BIO-key issued U.S. patent for improving small fingerprint sensors
BIO-key has been granted US Patent #9,646,146 for the “Utilization of Biometric Data”, enabling BIO-key and its licensees to use existing small area fingerprint sensors to capture significantly more surface area.
The method leads to greater accuracy when performing a match, which in turn leads to better end user experiences and higher security fingerprint authentication scenarios using small area sensors.
The technology will allow device manufacturers, application creators, enterprises and end users to instill greater trust in the security of smaller fingerprint scanners.
Small area sensors capture only partial fingerprints, which affects the reliability of biometric matching as well as prevents interoperable matching between small sensors and full size sensors.
A small area sensor may be used as a touch sensor for basic on-device authentication, but emerging security issues diminish trust in small sensors for scenarios that require higher security.
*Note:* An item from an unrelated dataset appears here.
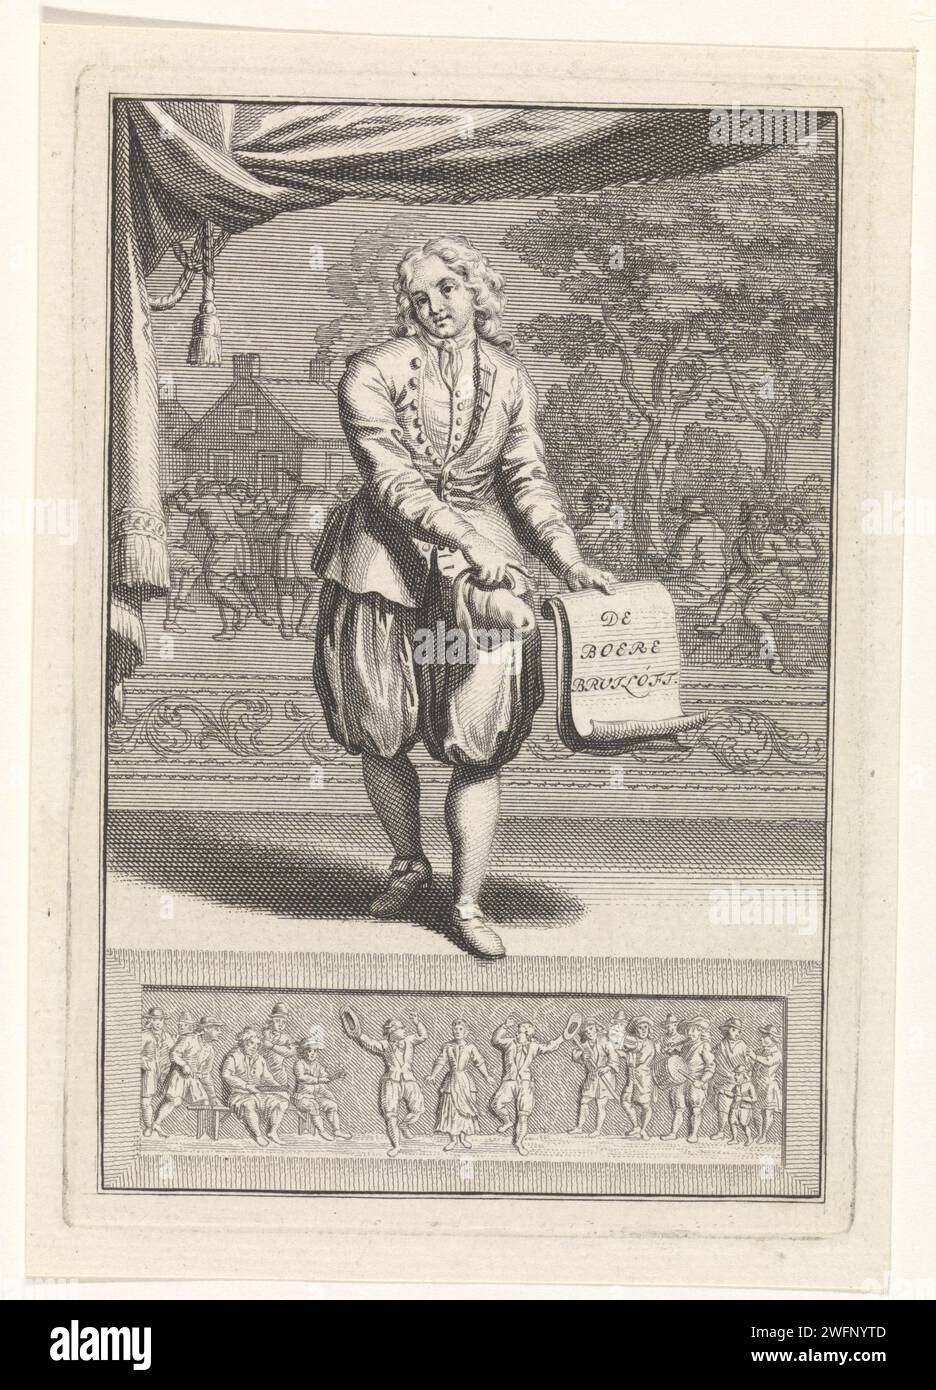 Eine Figur auf der Bühne präsentiert den Titel des Stücks, Bernard Picart (möglich), 1683 - 1733 Druck auf der Bühne ist eine Figur, die auf ein Blatt Papier verweist, auf dem der Titel des Stücks auf Niederländisch: 'De Boere Wedding'. Ein Bauerntanz im Hintergrund. Papier zum Ätzen/Gravieren der Bühne und ihrer Ausrüstung. Tanzen. Landwirte Stockfoto

The patented method resolves the area limitations of small sensors by enabling the capture of more data using the existing small sensor as a dynamic area capture device when required.
In addition, BIO-key’s flexible and interoperable capabilities enables customers to choose between matching on-device or in the cloud, and ensures interoperably across a range of sensor devices.
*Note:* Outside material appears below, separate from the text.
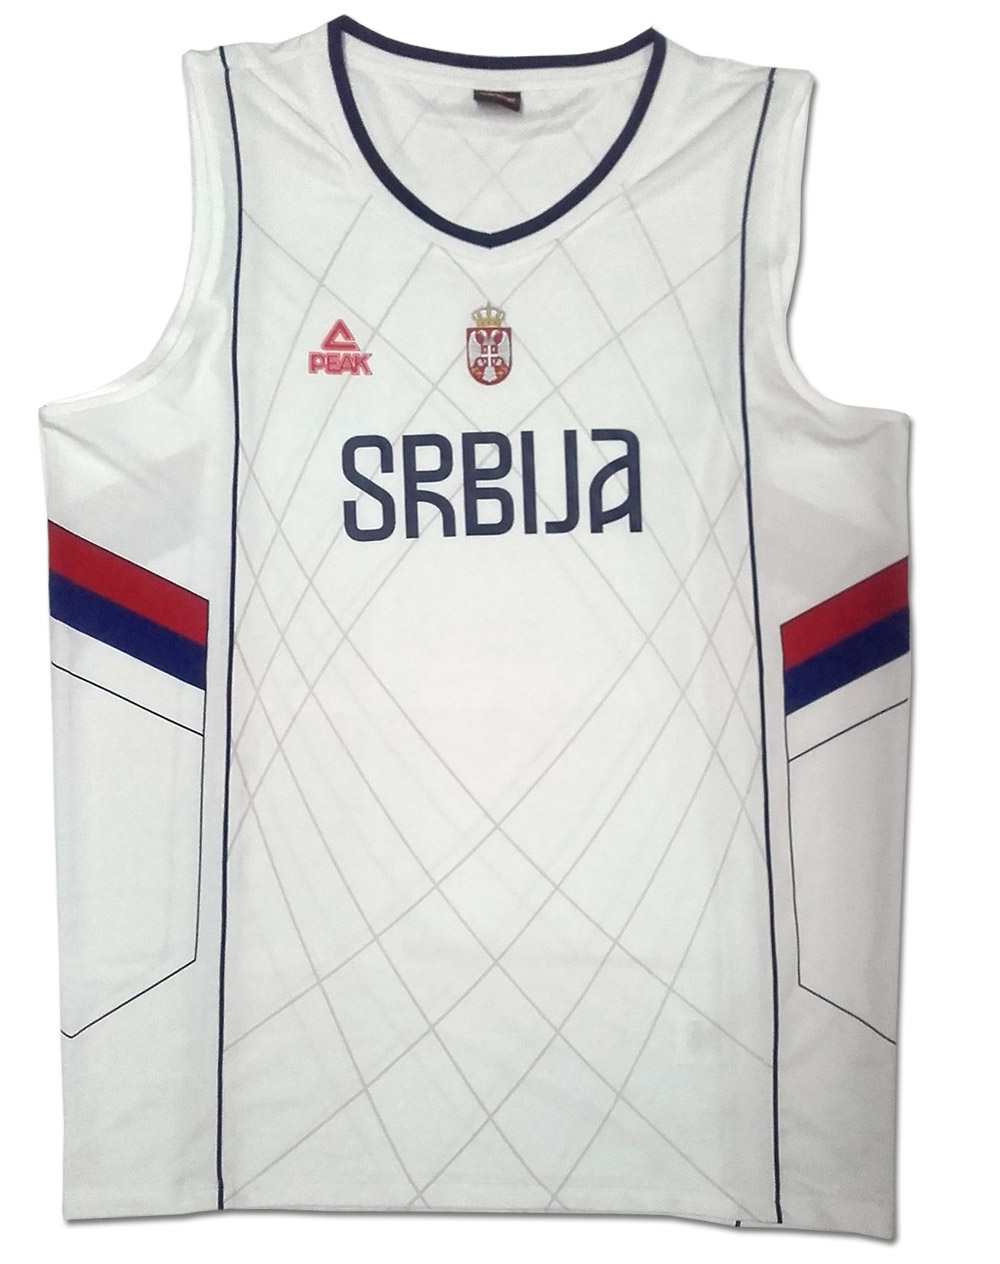 Peak ženski dres košarkaške reprezentacije Srbije sa štampom - beli

“Nearly every device manufacturer is including fingerprint biometric authentication as a security and convenience option for their customers,” said Mira LaCous, chief technology officer at BIO-key. “Before BIO-key’s innovation, they had to make difficult tradeoffs between sensor area footprint and accuracy. This patent and BIO-key’s IP behind it is intended to deliver the best of both worlds – enterprise-level security via sensor sizes that are unobtrusive and aesthetically pleasing.”
Earlier this month, BIO-key International issued its financial results for Q1 2017, which saw the company’s total revenues increase 229 percent to $1.4 million compared to $0.4 million in Q1 2016.